Restate each record word for word, omitting whatever pictures it holds.

--------------------

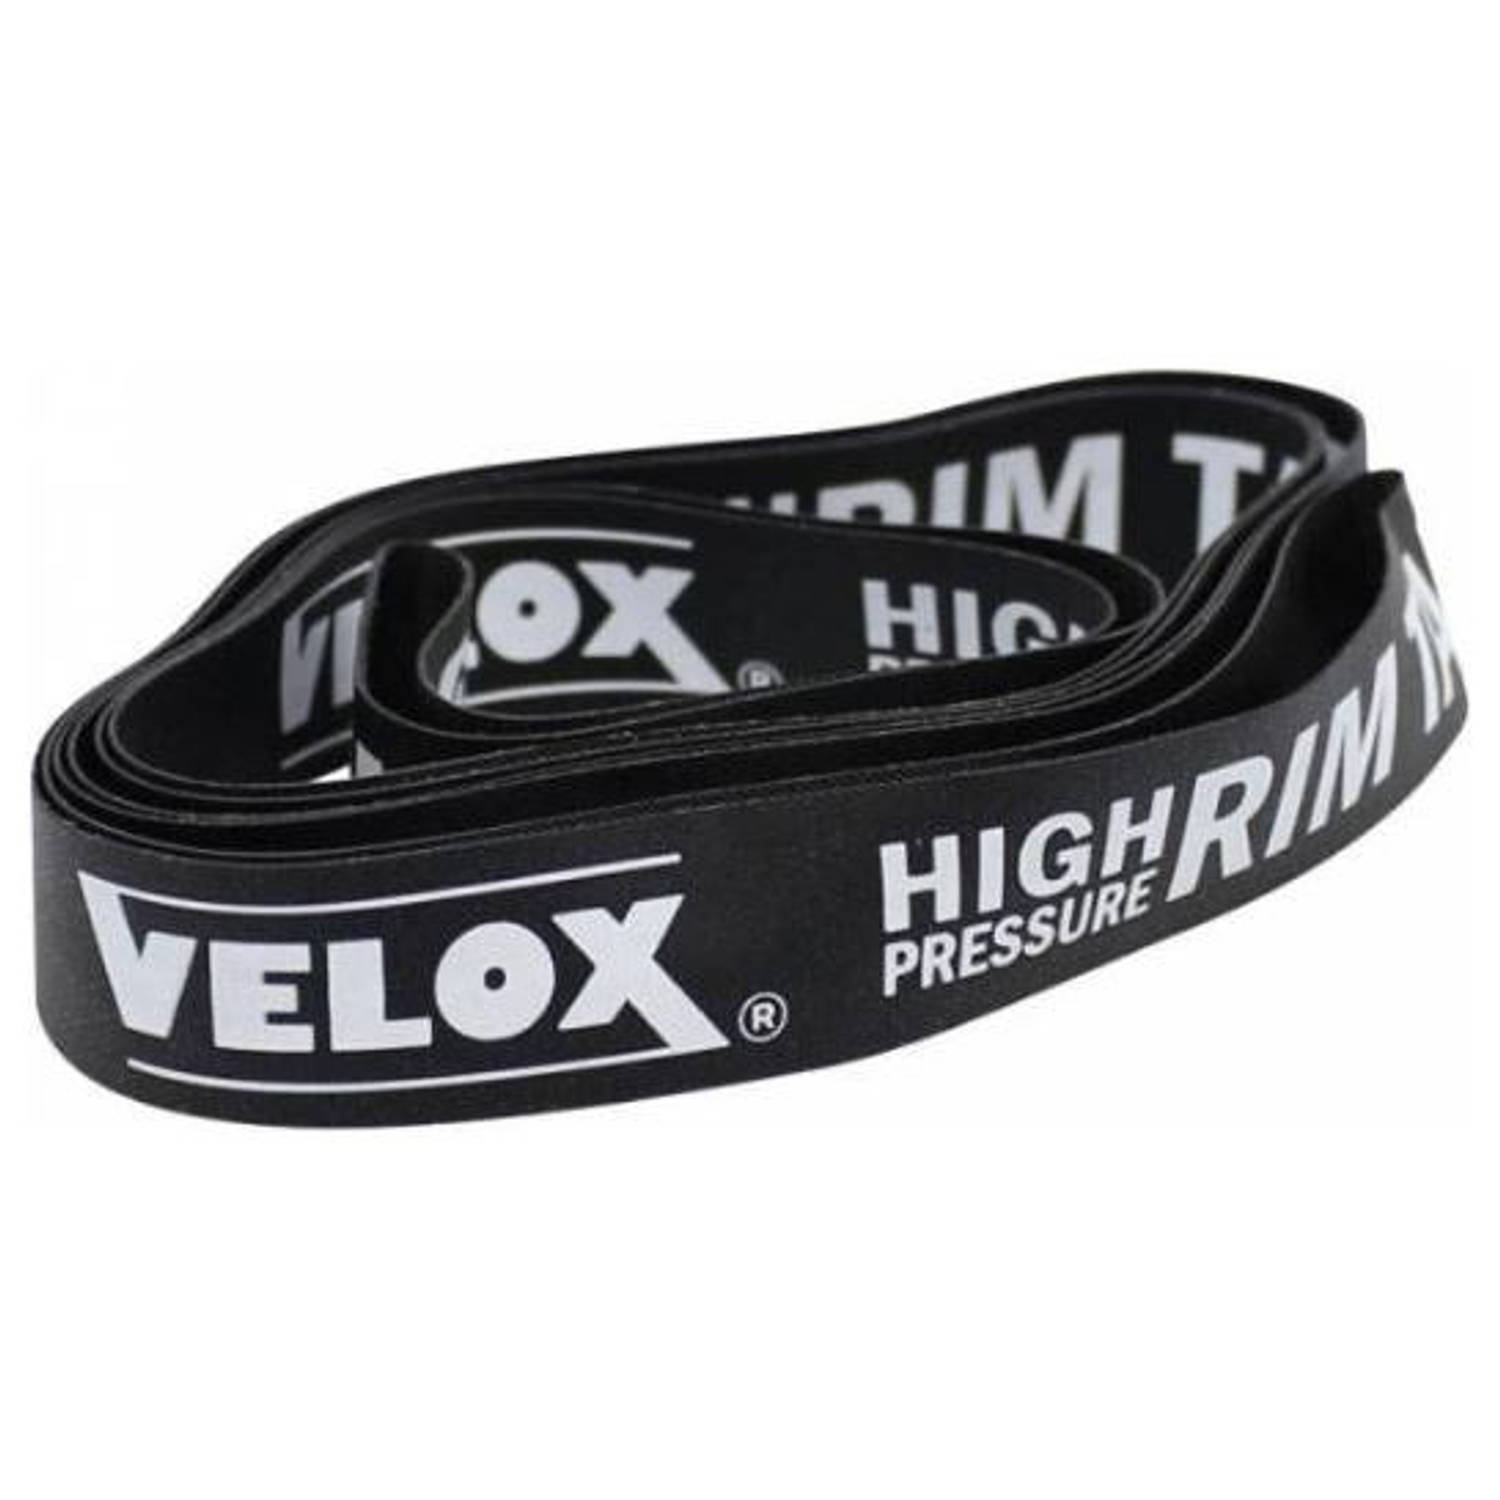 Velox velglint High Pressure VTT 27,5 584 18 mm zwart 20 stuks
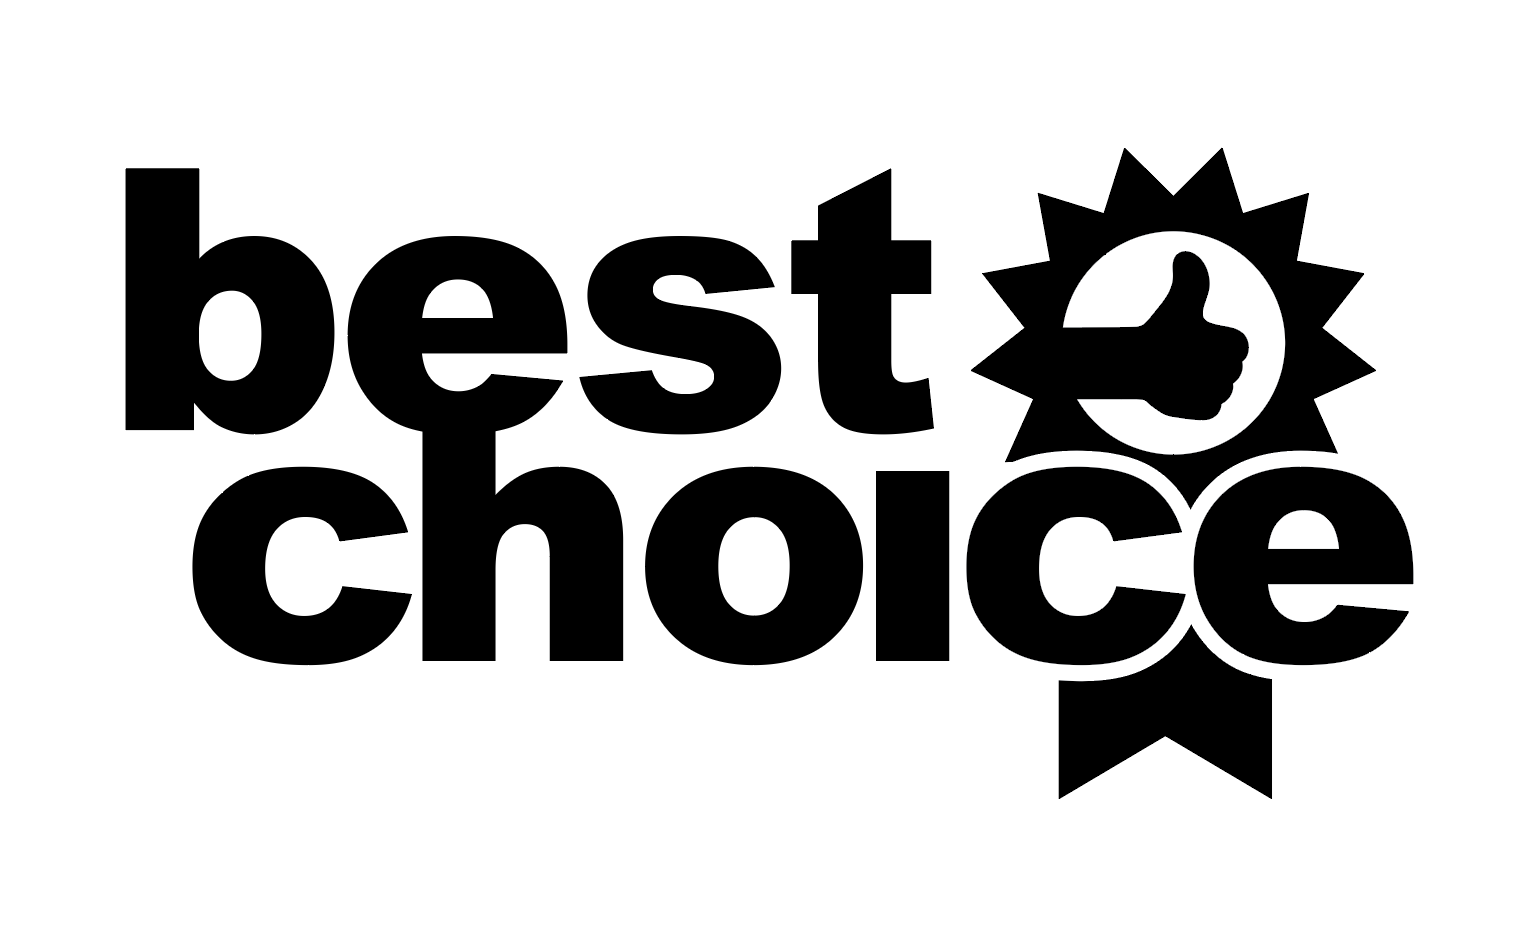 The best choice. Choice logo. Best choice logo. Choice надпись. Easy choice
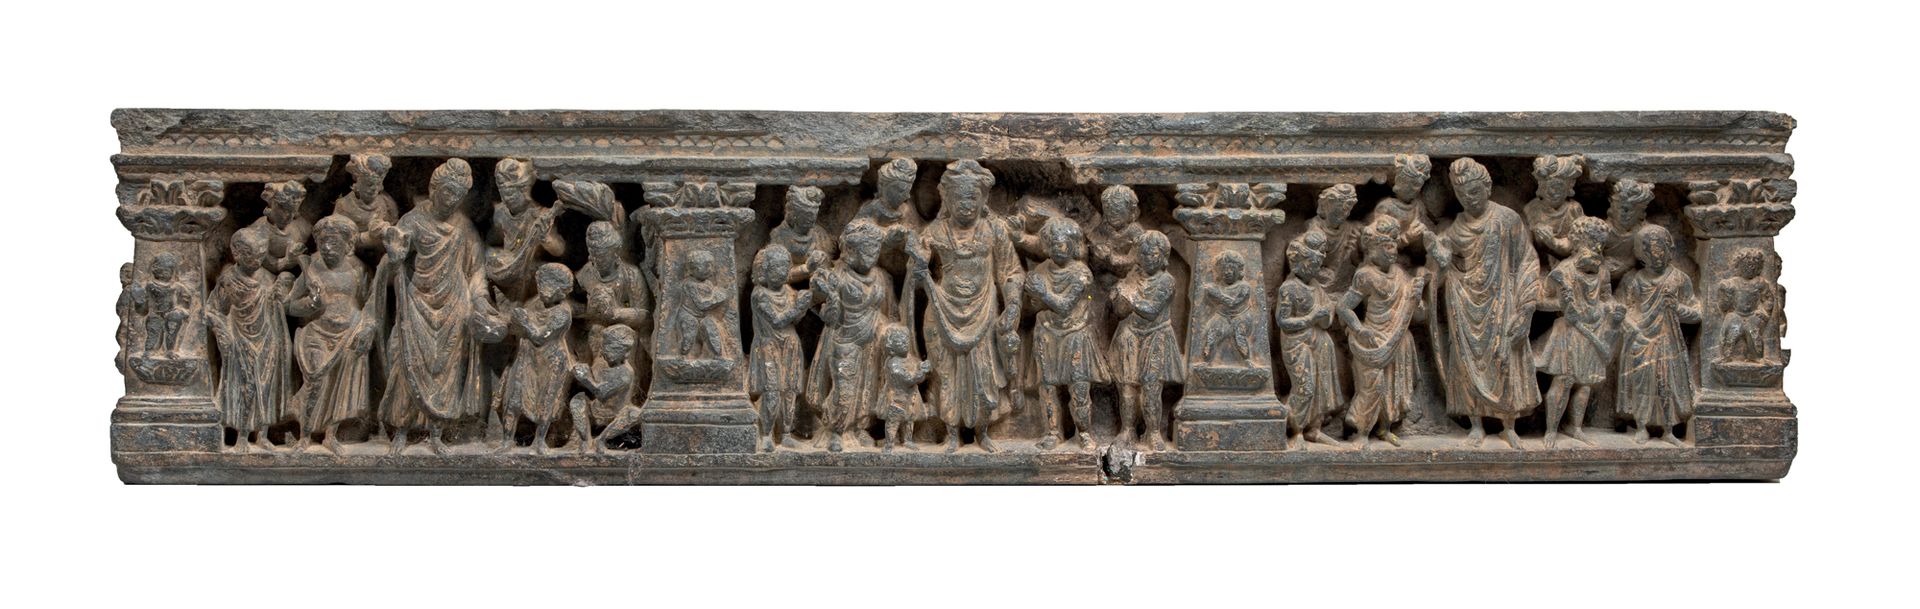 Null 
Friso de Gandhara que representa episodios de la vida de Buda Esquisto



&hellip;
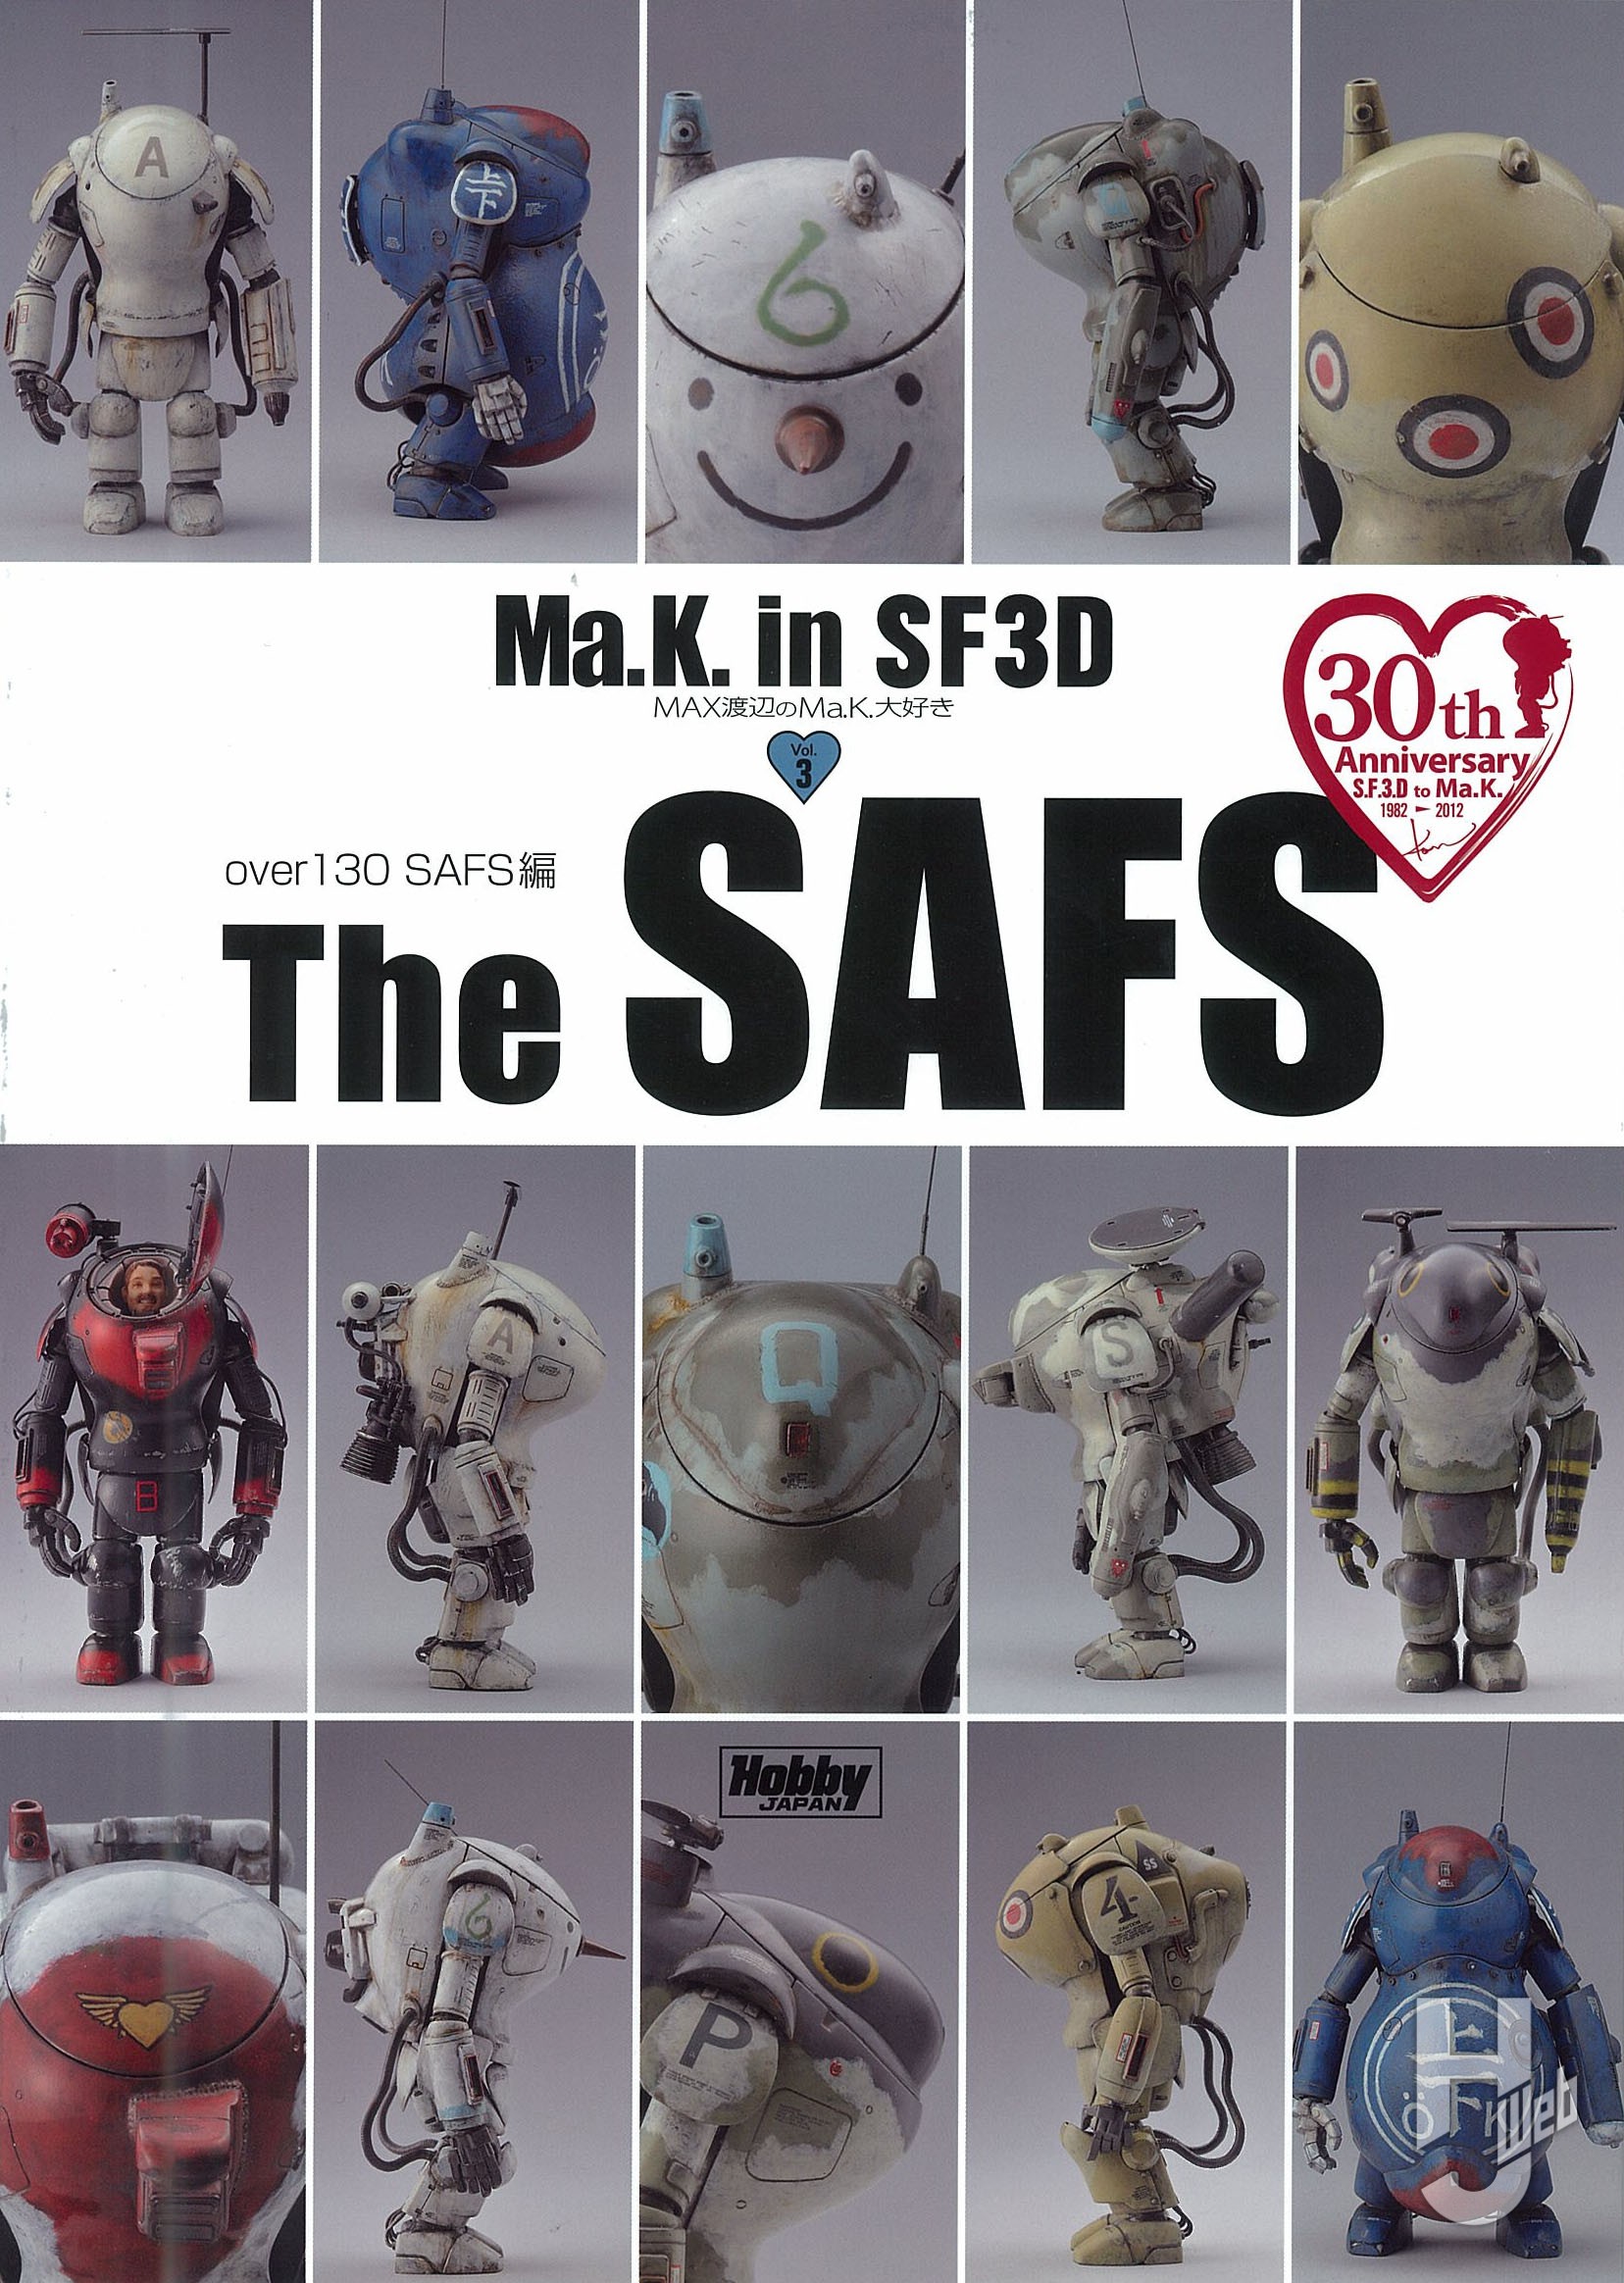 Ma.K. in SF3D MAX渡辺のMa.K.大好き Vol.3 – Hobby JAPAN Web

--------------------

### Written solution:
 Velox velglint High Pressure VTT 27,5 584 18 mm zwart 20 stuks
 The best choice. Choice logo. Best choice logo. Choice надпись. Easy choice
 Null 
Friso de Gandhara que representa episodios de la vida de Buda Esquisto



&hellip;
 Ma.K. in SF3D MAX渡辺のMa.K.大好き Vol.3 – Hobby JAPAN Web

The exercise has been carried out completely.